Recorded information:
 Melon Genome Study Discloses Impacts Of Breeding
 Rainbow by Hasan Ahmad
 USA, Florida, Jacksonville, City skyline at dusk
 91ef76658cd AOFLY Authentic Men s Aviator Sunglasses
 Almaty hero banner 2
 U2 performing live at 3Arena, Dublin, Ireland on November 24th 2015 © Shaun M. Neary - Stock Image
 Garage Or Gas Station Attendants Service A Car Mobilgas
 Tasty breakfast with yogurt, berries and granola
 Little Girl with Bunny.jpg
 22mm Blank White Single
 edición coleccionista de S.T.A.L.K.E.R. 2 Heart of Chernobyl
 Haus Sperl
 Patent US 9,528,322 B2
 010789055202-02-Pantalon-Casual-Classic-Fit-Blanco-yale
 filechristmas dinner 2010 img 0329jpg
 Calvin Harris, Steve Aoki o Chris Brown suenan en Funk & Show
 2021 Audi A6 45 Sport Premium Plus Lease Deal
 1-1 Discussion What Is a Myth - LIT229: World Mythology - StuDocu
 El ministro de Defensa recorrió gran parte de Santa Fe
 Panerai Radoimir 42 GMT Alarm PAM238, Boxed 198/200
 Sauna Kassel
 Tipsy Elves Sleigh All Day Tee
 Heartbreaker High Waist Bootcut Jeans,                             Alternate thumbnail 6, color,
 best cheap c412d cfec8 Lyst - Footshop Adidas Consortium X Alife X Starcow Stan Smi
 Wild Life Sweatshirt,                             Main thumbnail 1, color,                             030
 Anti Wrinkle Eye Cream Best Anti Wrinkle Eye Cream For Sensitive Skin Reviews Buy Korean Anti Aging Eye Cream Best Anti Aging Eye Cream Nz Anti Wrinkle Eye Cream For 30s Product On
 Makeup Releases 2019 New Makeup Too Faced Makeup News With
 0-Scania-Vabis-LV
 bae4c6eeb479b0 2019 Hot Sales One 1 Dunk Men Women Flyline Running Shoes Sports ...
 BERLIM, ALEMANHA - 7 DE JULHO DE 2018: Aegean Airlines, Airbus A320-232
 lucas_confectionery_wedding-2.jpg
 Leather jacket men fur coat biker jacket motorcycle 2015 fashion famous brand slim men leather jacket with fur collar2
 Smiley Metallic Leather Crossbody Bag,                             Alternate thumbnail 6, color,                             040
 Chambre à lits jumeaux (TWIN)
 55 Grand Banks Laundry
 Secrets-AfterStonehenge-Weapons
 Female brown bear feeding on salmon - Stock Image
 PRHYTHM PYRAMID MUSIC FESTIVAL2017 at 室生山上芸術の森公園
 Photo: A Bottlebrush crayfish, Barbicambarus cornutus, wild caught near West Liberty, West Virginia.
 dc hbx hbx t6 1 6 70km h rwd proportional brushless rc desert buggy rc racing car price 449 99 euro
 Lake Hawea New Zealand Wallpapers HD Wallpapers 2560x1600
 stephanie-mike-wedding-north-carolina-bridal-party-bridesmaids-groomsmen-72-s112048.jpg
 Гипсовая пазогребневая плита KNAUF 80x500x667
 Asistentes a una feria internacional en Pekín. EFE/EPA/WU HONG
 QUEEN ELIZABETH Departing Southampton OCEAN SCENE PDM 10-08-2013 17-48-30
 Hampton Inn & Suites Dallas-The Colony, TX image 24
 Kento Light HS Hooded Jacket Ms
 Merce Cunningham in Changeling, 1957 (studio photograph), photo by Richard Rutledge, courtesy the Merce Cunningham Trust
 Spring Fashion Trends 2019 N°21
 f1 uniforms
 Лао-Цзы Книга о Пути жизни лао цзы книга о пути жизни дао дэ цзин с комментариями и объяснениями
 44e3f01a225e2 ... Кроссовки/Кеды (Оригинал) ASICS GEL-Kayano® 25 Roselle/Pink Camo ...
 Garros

What is needed:
Write down only the closing run of lines: the one containing "Panerai Radoimir 42" and every line after it to the end of the entries, exactly.

Written response:
 Panerai Radoimir 42 GMT Alarm PAM238, Boxed 198/200
 Sauna Kassel
 Tipsy Elves Sleigh All Day Tee
 Heartbreaker High Waist Bootcut Jeans,                             Alternate thumbnail 6, color,
 best cheap c412d cfec8 Lyst - Footshop Adidas Consortium X Alife X Starcow Stan Smi
 Wild Life Sweatshirt,                             Main thumbnail 1, color,                             030
 Anti Wrinkle Eye Cream Best Anti Wrinkle Eye Cream For Sensitive Skin Reviews Buy Korean Anti Aging Eye Cream Best Anti Aging Eye Cream Nz Anti Wrinkle Eye Cream For 30s Product On
 Makeup Releases 2019 New Makeup Too Faced Makeup News With
 0-Scania-Vabis-LV
 bae4c6eeb479b0 2019 Hot Sales One 1 Dunk Men Women Flyline Running Shoes Sports ...
 BERLIM, ALEMANHA - 7 DE JULHO DE 2018: Aegean Airlines, Airbus A320-232
 lucas_confectionery_wedding-2.jpg
 Leather jacket men fur coat biker jacket motorcycle 2015 fashion famous brand slim men leather jacket with fur collar2
 Smiley Metallic Leather Crossbody Bag,                             Alternate thumbnail 6, color,                             040
 Chambre à lits jumeaux (TWIN)
 55 Grand Banks Laundry
 Secrets-AfterStonehenge-Weapons
 Female brown bear feeding on salmon - Stock Image
 PRHYTHM PYRAMID MUSIC FESTIVAL2017 at 室生山上芸術の森公園
 Photo: A Bottlebrush crayfish, Barbicambarus cornutus, wild caught near West Liberty, West Virginia.
 dc hbx hbx t6 1 6 70km h rwd proportional brushless rc desert buggy rc racing car price 449 99 euro
 Lake Hawea New Zealand Wallpapers HD Wallpapers 2560x1600
 stephanie-mike-wedding-north-carolina-bridal-party-bridesmaids-groomsmen-72-s112048.jpg
 Гипсовая пазогребневая плита KNAUF 80x500x667
 Asistentes a una feria internacional en Pekín. EFE/EPA/WU HONG
 QUEEN ELIZABETH Departing Southampton OCEAN SCENE PDM 10-08-2013 17-48-30
 Hampton Inn & Suites Dallas-The Colony, TX image 24
 Kento Light HS Hooded Jacket Ms
 Merce Cunningham in Changeling, 1957 (studio photograph), photo by Richard Rutledge, courtesy the Merce Cunningham Trust
 Spring Fashion Trends 2019 N°21
 f1 uniforms
 Лао-Цзы Книга о Пути жизни лао цзы книга о пути жизни дао дэ цзин с комментариями и объяснениями
 44e3f01a225e2 ... Кроссовки/Кеды (Оригинал) ASICS GEL-Kayano® 25 Roselle/Pink Camo ...
 Garros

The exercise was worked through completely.